# Initial postings for linemen



## futuresapper (12 Jul 2009)

Hey there, I ran a search and have been browsing for a while and I can't seem to find any information on this, my apologies if it's been gone over.  What can I expect to see as initial posting choices? I understand that where the man power is needed is where I'll end up but what should I expect? Are Kingston, Edmonton, Gagetown or Pet good guesses? Is there anything else that I should know?


----------



## Rigger052 (12 Jul 2009)

Gagetown right now is in a bit of a transition as linemen are gradually being posted to field postings, You can still request the area though.  Only Edmonton has a support position left for linemen in their ASG Sqn.
More than likely you'll be heading for a brigade or you might get into JSR kingston for your first posting, but Linemen can also be posted to air force and navy bases as well. At least for now.


----------



## futuresapper (12 Jul 2009)

Thanks alot for the help, that was definately what I was looking for. 

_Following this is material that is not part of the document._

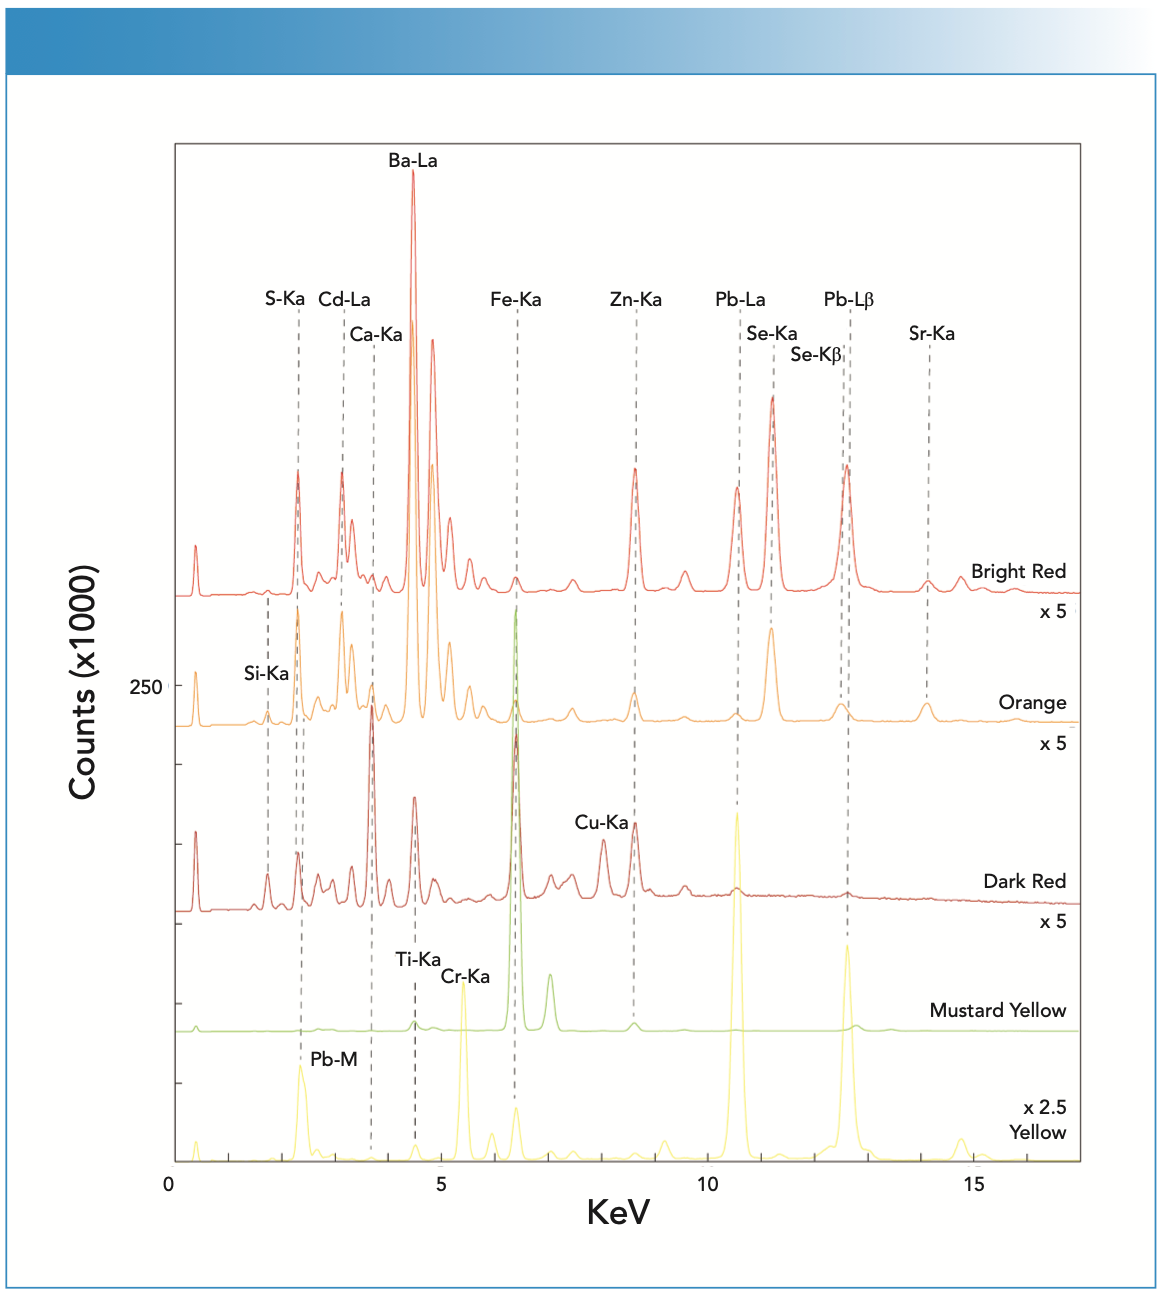 FIGURE 6: The X-ray fluorescence (XRF) spectra collected from the red, orange, and yellow pigments found on the workshop floor.

Edit: What can I expect from a field posting? Also any recomendations/ favorite postings?


----------



## Rigger052 (12 Jul 2009)

No problem, good luck with your courses. :camo:


----------



## Clarkey (8 Dec 2009)

Have personally seen a lineman get posted to ottawa fresh from QL3 Reg force. So I guess anywhere they are needed and if the circumstances permit.


----------



## Wayne052 (21 Aug 2010)

I finished my 3's in Sept of 09 from my course we had 4 guys sent to various units in Edmonton(1 PPCLI, 3 PPCLI, and 2 with JSR.) I myself got sent to Wainwright. Also had 2 stay in Kinston 1 in Ottawa 1 in Cold lake 1 in Comox and 1 in Gagetown but he had a spouse posted there. So basically anywhere that is needed. I also know we are getting 2 guys off the 3,s Spet of 2010.


----------